Related: Maximal Subfield of $\mathbb C$ without $\sqrt{2}$
Let $K$ be a maximal subfield of $\mathbb C$ which doesn't contain $\sqrt{2}$ (one exists by Zorn's Lemma). Then $\mathbb C$ is algebraic over $K$, since if a complex number $\alpha$ is a transcendental over $K$, then adjoining $\alpha$ cannot result in $\sqrt{2}$ appearing, since squaring any expression of $\sqrt{2}$ as a rational function in $K(\alpha)$ gives a polynomial with $\alpha$ as a root.
The next part of this problem asks to prove that any finite extension of $K$ is Galois and cyclic. We can assume that the extension $L$ is Galois, since once we prove that the Galois group is cyclic, every subextension is automatically Galois since all subgroups of cyclic groups are normal. So, $Gal(L/K)$ contains an element $\sigma$ that doesn't fix $\sqrt{2}$, but then $\langle\sigma\rangle$'s fixed field is an extension of $K$ which doesn't contain $\sqrt{2}$, and thus must be $K$ itself. Thus, the Galois group is cyclic, and it's of order $2^n$, since there is no nontrivial odd extension of $K$.
Now, the final part of the problem is to prove that the degree $[\mathbb C:K]$ is countable and not finite.
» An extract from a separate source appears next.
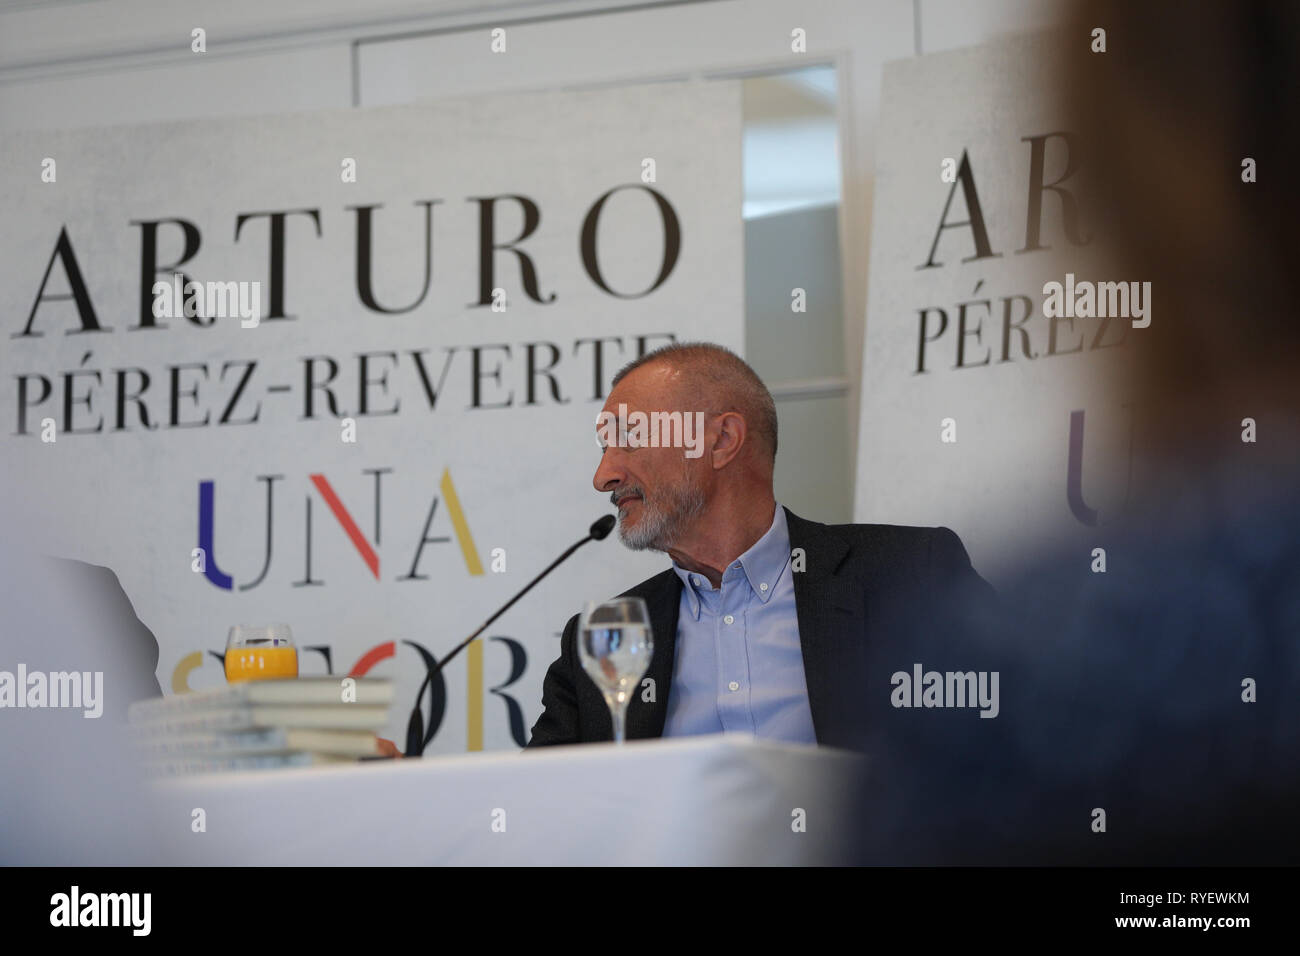 Arturo Pérez Reverte gesehen, wie seine Geschichte Buch während einer Pressekonferenz präsentiert. Vier Jahre der Episode Lieferungen unter dem Titel "Estante de Corso" haben Arturo Pérez Reverte mit dem Material für "eine Geschichte von Spanien", die Zusammenstellung seiner sind Lesungen, Erfahrung und Vernunft" über die Erinnerung an das Land, 'von den Anfängen bis zum Ende des Übergangs''. Stockfoto

However, I just realized that it might in fact be $2$: shouldn't there be an automorphism $\sigma$ of $K(\sqrt{2})$ that fixes $K$ and maps $\sqrt{2}\mapsto -\sqrt{2}$, which extends to an automorphism of $\mathbb C$? I guess it's possible that this automorphism doesn't have order $2$ because of unforseen relations between complex numbers.
I assume I have to prove that the degree is not finite by assuming $\mathbb C$ is cyclic over $K$ and deriving a contradiction, but I'm not sure how to do that, nor how to show that the degree is not uncountable.